La fotografía de Ralph Gibson posee una de las cualidades que más admiro en una imagen: su capacidad para atraparte dentro de ella. Antes siquiera de advertir la composición, el tema o el revelado, algo dentro de cada toma te fascina, te deja completamente alelado.
Esta cualidad, que se halla presente en muy pocos autores, no se aprende, se lleva ya dentro cuando se nace, parte de una manera completamente subjetiva y sensible de la forma de ser del artista.

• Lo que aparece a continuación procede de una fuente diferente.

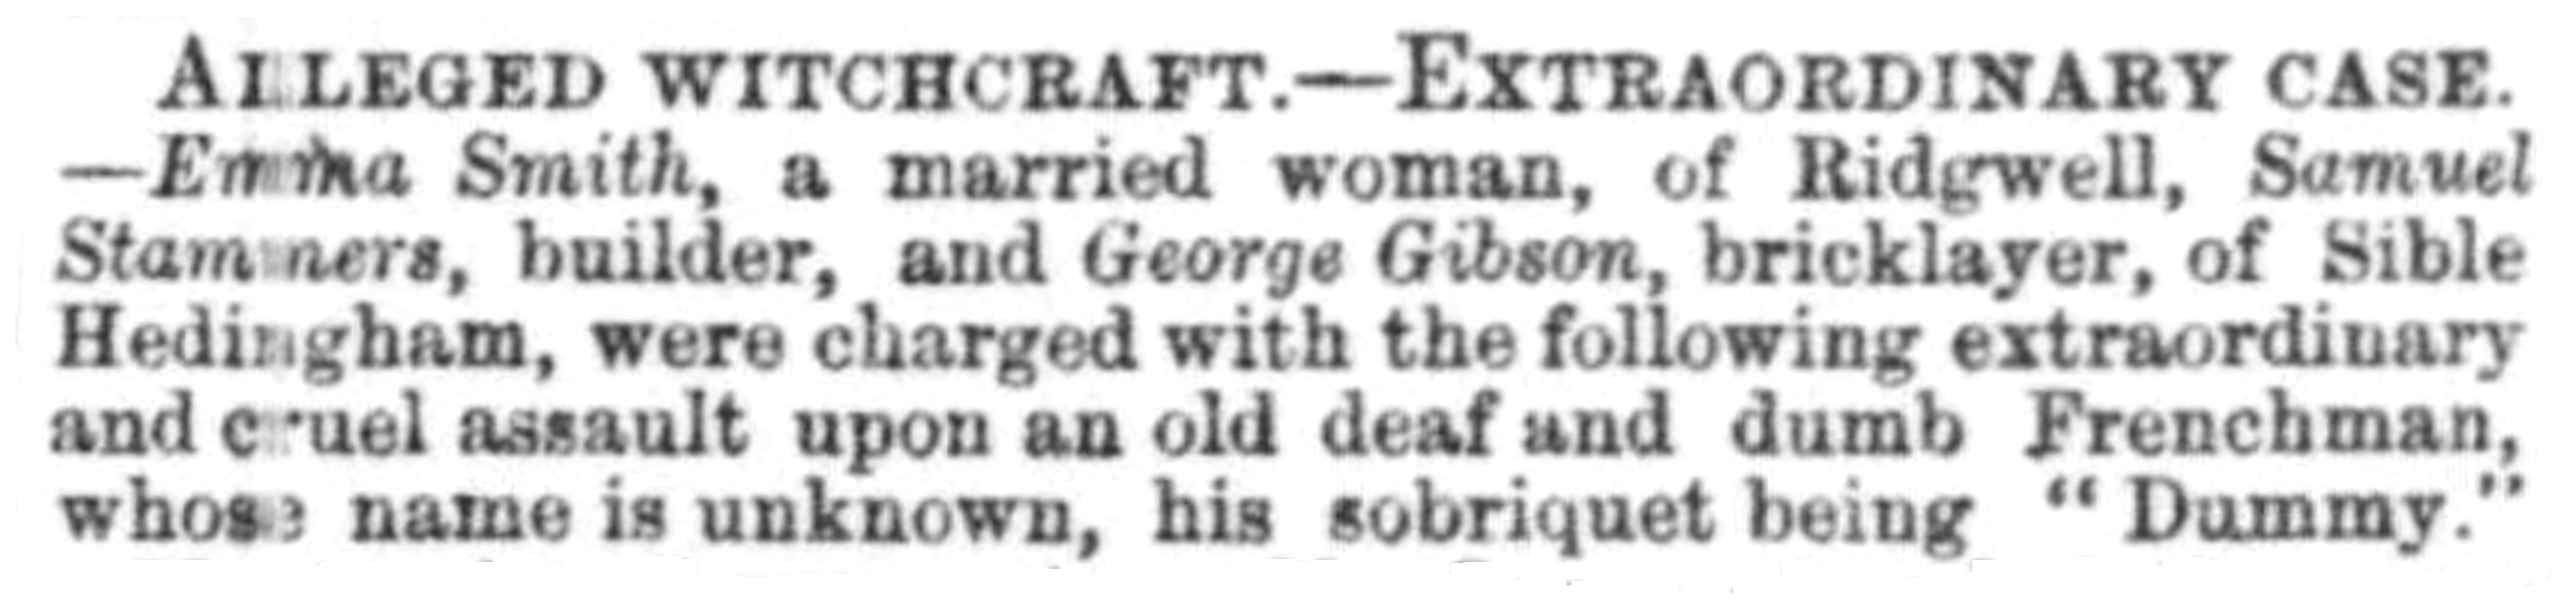 1863 newspaper report of the Essex incident "Alleged Witchcraft"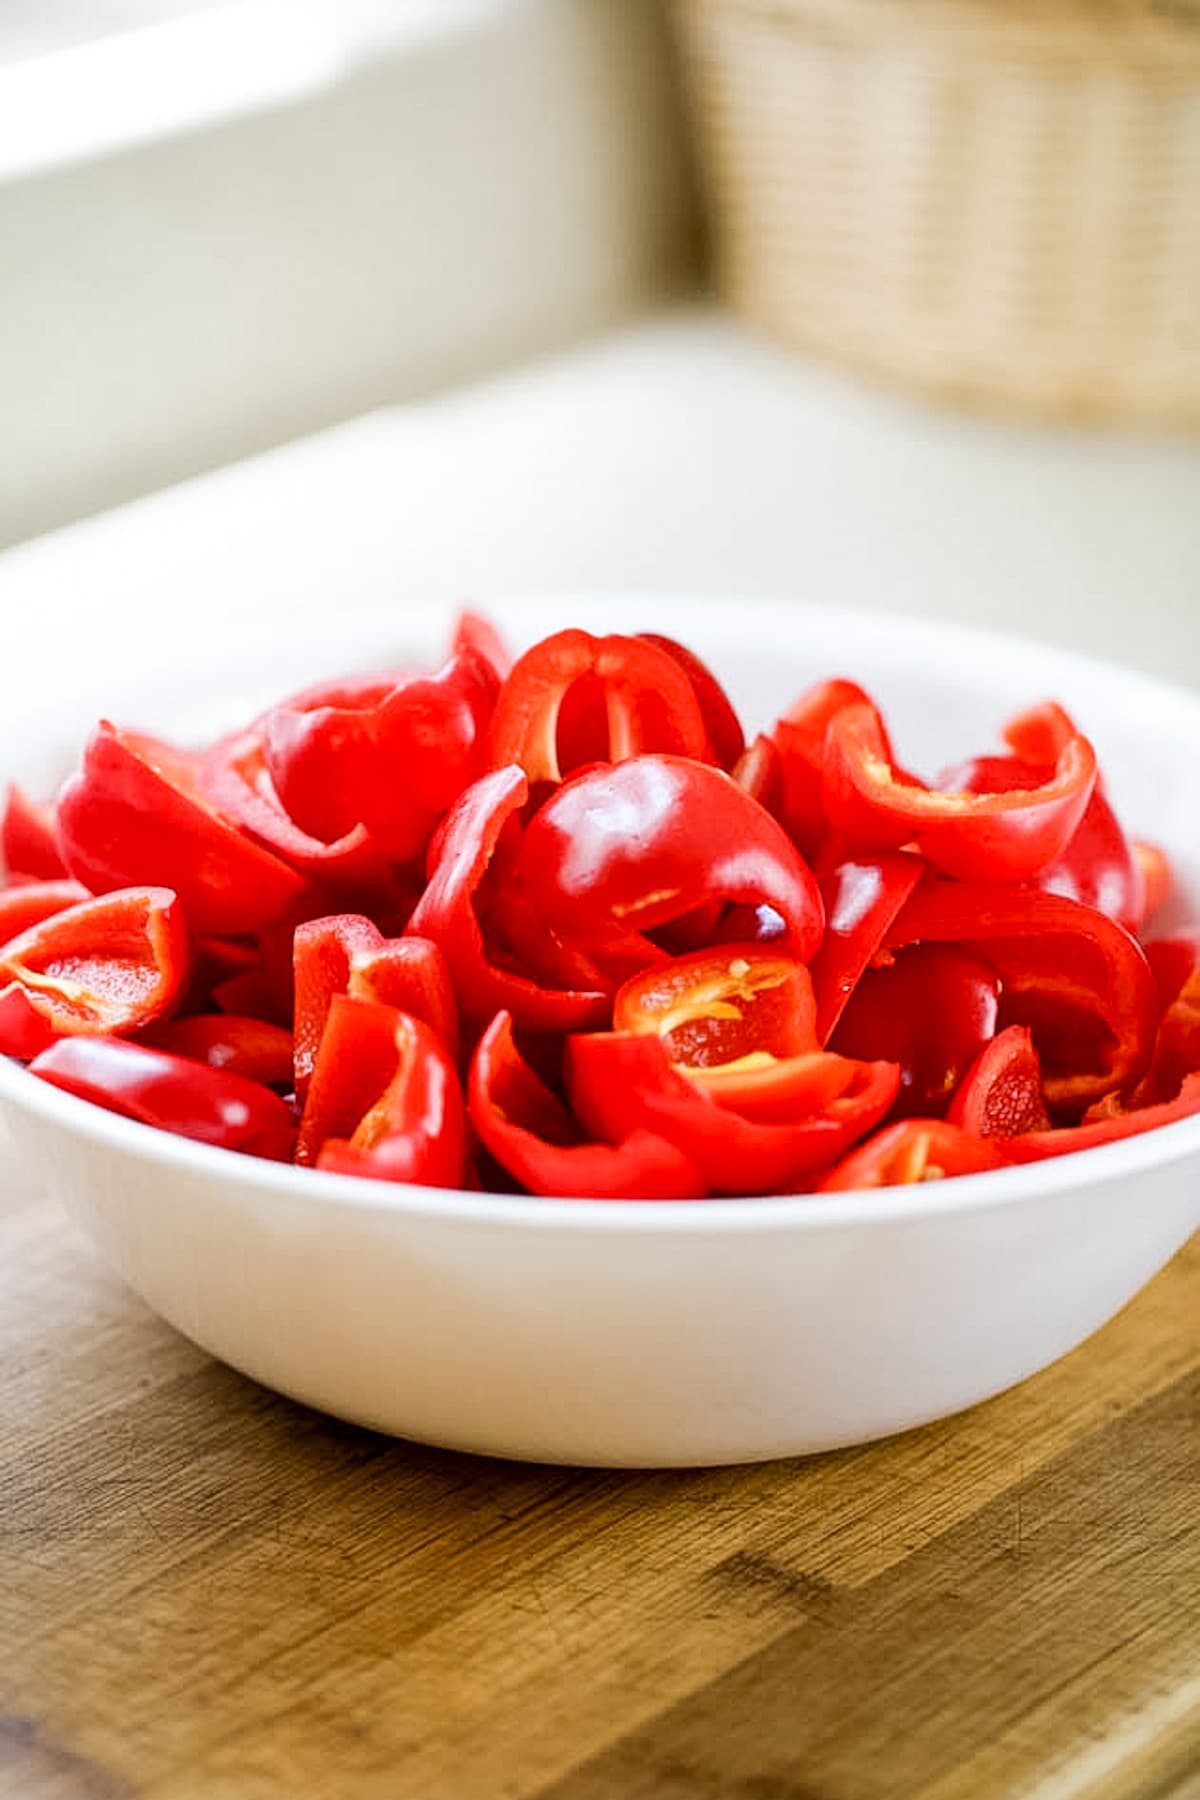 cut and cleaned red bell peppers

Nació en Los Ángeles en 1939 y aprendió a hacer fotos en la Marina de los Estados Unidos. Posteriormente estudió fotografía en San Francisco, atraído muy probablemente por el nacimiento de la contracultura de los sesenta. Así, frecuentaba los recitales poéticos de Ginsberg o Kerouac, que influyeron notablemente en su forma de comprender el universo de la imagen.
Aunque en su formación estuvo muy presente el trabajo de su padre para la Warner Bros (participó como figurante en películas de Alfred Hitchcock), fue sobre todo su periodo de aprendizaje junto al gran Robert Frank el que más determinó su estilo, que dio un giro de 180 grados cuando se compró una Leica.
Trabajó como reportero casi toda su vida, y terminó vinculado al nuevo surrealismo de Borges o Cortázar.
Vivía y trabajaba de noche; y descansaba durante el día. Buscaba continuamente la magia de lo nocturno apostando por fondos oscuros e imágenes eróticas llenas de símbolos. Su trabajo está impregnado por un misterio, un movimiento y una expresividad que lo contraponen a los reporteros diurnos, mucho más clásicos, limpios y evidentes (aunque no por ello menos geniales).
Sus tres grandes libros de fotografía, conocidos como “La trilogía negra” (“El sonámbulo”, “Déjà Vu” y “Días en el mar”), le han valido el reconocimiento mundial y premios tales como el Guggenheim, el Leica Medal of Excellence Award o el 150 Years of Photography Award.